Uluslararası Adalet Divanı, iklim değişikliğiyle mücadelede devletlerin uluslararası hukuk çerçevesinde sorumlulukları olduğunu belirten tarihi bir görüş açıkladı. Bu kararda özellikle gelişmiş ülkelerin sera gazı emisyonlarını azaltma yükümlülüğüne dikkat çekilirken, iklim krizinden etkilenen ülkelerin tazminat talep etme haklarının önü açılabilecek. Birleşmiş Milletler’in en yüksek yargı organı olan Divan, Paris Anlaşması ve BM İklim Değişikliği Çerçeve Sözleşmesi gibi anlaşmaların sadece siyasi değil, hukuki bağlayıcılığa sahip olduğunu vurguladı. Buna göre, çevresel zararların sorumluları, zarar gören devletlere karşı tazminat yükümlülüğüyle karşı karşıya kalabilir.
Zengin ülkeler iklim değişikliğiyle mücadelede sorumluluk almalı
Mahkeme ayrıca sağlıklı, temiz ve sürdürülebilir bir çevrenin temel bir insan hakkı olduğunu ifade etti. Bu hak, devletlerin hem kendi sınırları içindeki hem de uluslararası alandaki çevresel etkileri için geçerli sayılacak. Kararda ülkelerin yalnızca kendi topraklarında değil, yetki alanlarındaki şirketlerin sebep olduğu emisyonlardan da sorumlu tutulabileceği belirtildi. Bu yaklaşım, sınır ötesi çevresel etkiler yaratan çok uluslu şirketlerin de hukuki sorumluluk kapsamına girebileceğine işaret ediyor.

UAD’nin bu görüşü bağlayıcı olmasa da uluslararası hukuk açısından emsal teşkil etme niteliğinde bulunuyor.
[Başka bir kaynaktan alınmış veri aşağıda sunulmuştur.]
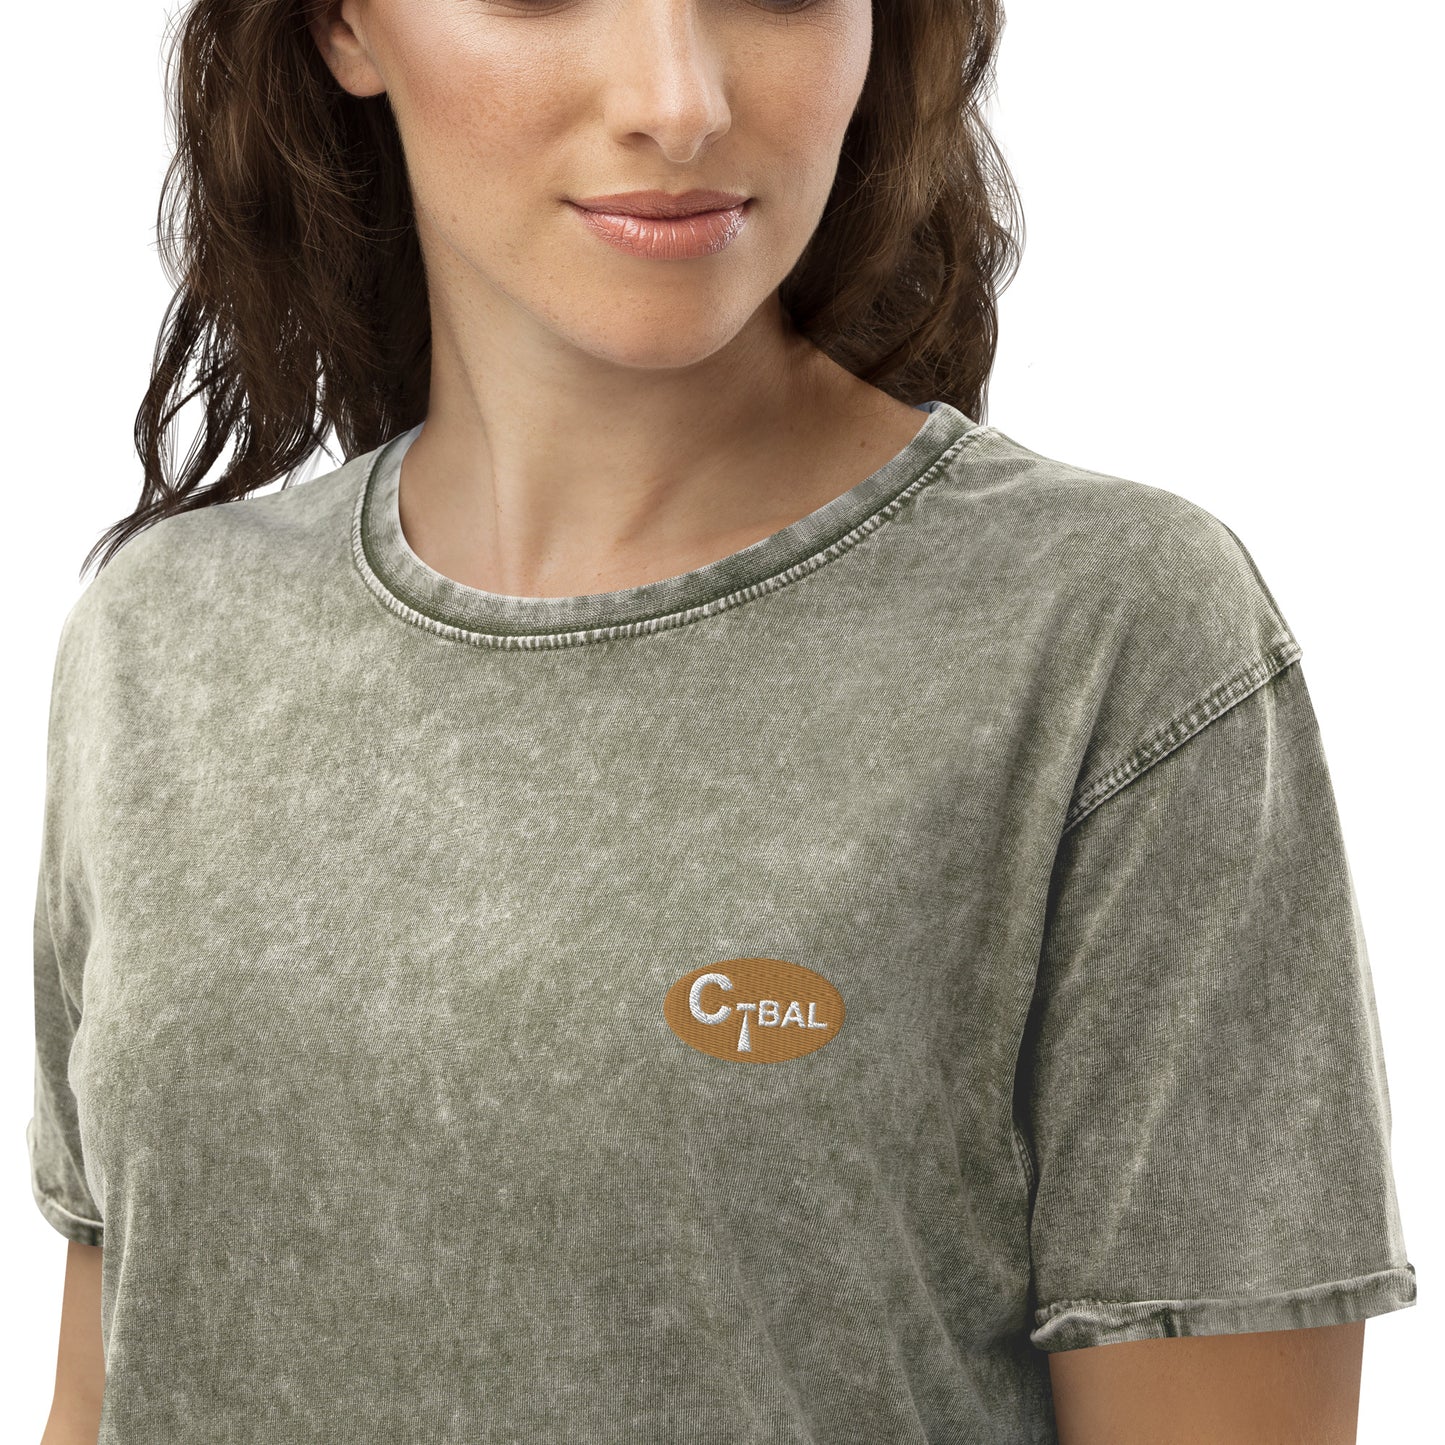 B003 - Denim T-shirt (C-BAL : Brown / Embroidery Logo)

Hukuk uzmanları, kararın özellikle küçük ada devletleri ve gelişmekte olan ülkelerin büyük sera gazı yayıcılarına karşı dava açabilmesinin önünü açabileceğini dile getiriyor. BM Genel Sekreteri António Guterres kararı, gezegenin geleceği, iklim adaleti ve gençlerin mücadelesi açısından önemli bir zafer olarak nitelendirirken, kararda etkili olan Pasifik ülkesi Vanuatu da bunun iklim adaleti için tarihi bir adım olduğunu vurguladı.
https://futureflow.life/litvanya-enerji-depolama-alaninda-gaza-basiyor/
Öte yandan, ABD, Çin ve Rusya gibi büyük emisyon kaynakları karara temkinli yaklaşarak, ulusal iklim planlarının yeterli olduğunu ve yeni bağlayıcı yükümlülüklerin mevcut uluslararası müzakereleri zorlaştırabileceğini savundu.